The constitutionality of the Civil Rights Bill of 1875, however, was finally settled in 1883. That year five cases[[227]] reached the Supreme Court, all of which had to do with the civil rights of Negroes. Two of them concerned the rights of colored persons in inns and hotels; two, their rights in theatres; and one, in railroad cars. Mr. Justice Bradley, delivering the opinion of the court, took the ground that the first and second sections of the Civil Rights Bill were unconstitutional for these reasons: (1) They are not authorized by the Thirteenth Amendment, abolishing and prohibiting slavery, because the separation of the races in public places is not a badge of servitude. “It would be running the slavery argument into the ground,” he said, “to make it apply to every act of discrimination which a person may see fit to make as to the guests he will entertain, or as to the people he will take into his coach, or cab, or car, or admit to his concert or theatre, or deal with in other matters of intercourse or business.” (2) The Civil Rights Bill is not authorized by the Fourteenth Amendment, because that refers to action by the State, while the Bill refers to individual discrimination.
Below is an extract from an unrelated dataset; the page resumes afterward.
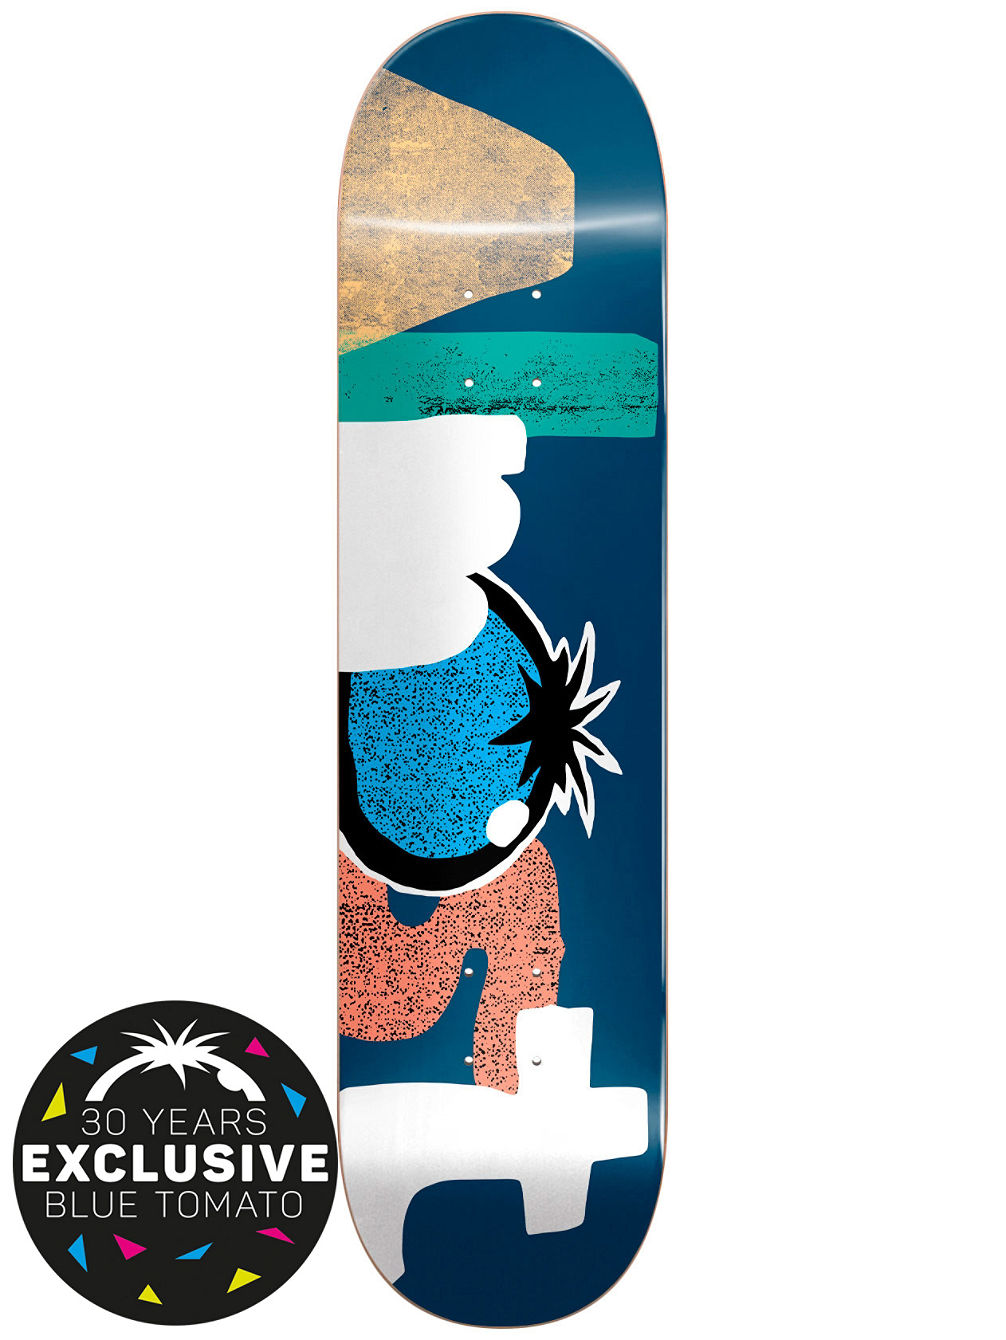 X BT Organics 8.0&amp;#034; Skateboard Deck
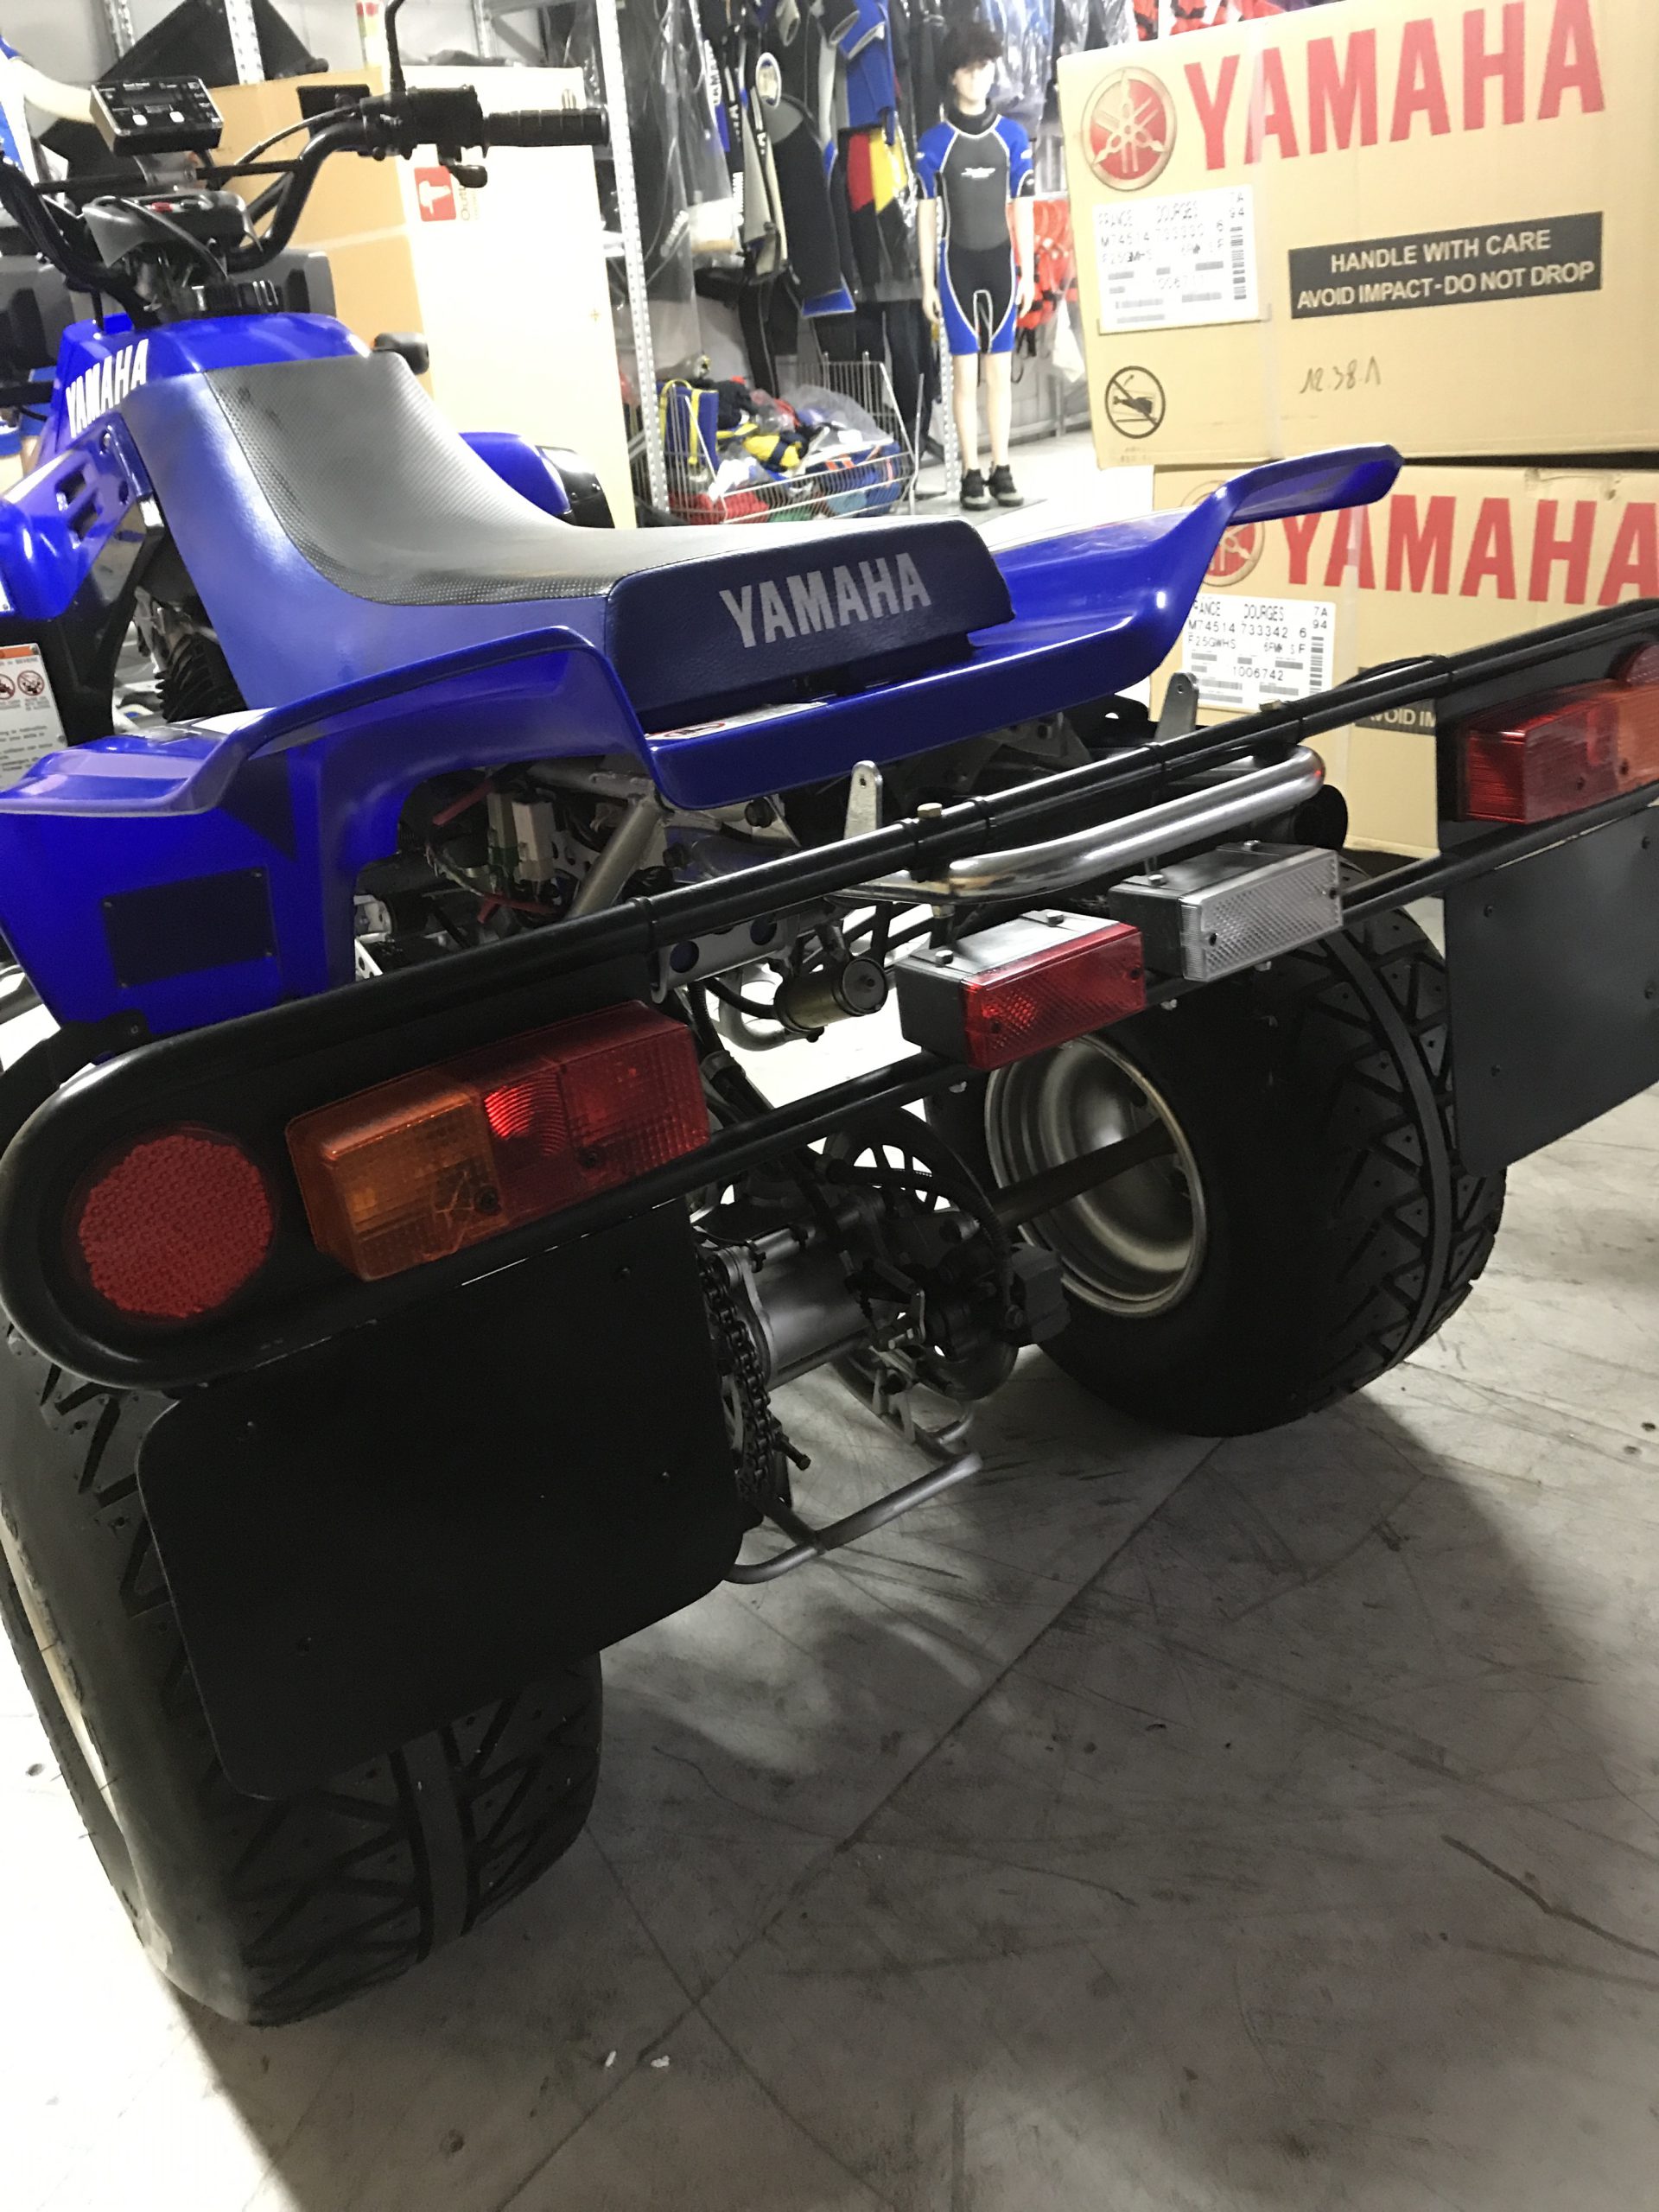 Yamaha Warrior 350cc met kenteken en achteruit.

It is State action of a particular kind that is prohibited. “Individual invasion of individual rights,” he argued, “is not the subject matter of the amendment.... It nullifies and makes void all State legislation, and State action of every kind, which impairs the privileges and immunities of citizens of the United States.... It does not invest Congress with power to legislate upon subjects which are within the domain of State legislation; but to provide modes of relief against State legislation or State action.... It does not authorize Congress to create a code of municipal laws for the regulation of private rights, but to provide modes of redress against the operation of State laws, and the action of State officers, executive or judicial, when these are subversive of the fundamental rights specified in the Amendment ... until some State law has been passed, or some State action through its officers or agents has been taken, adverse to the rights of citizens sought to be protected by the Fourteenth Amendment, no legislation of the United States under said Amendment, nor any proceeding under such legislation, can be called into activity; for the prohibitions of the Amendment are against State laws and acts done under State authority.”
The effect of this decision is that the Federal government cannot prevent the curtailment of the civil rights of Negroes by individuals unless such individuals are acting under sanction of State statutes, and in that case, the Federal court can only declare that the State statute is unconstitutional.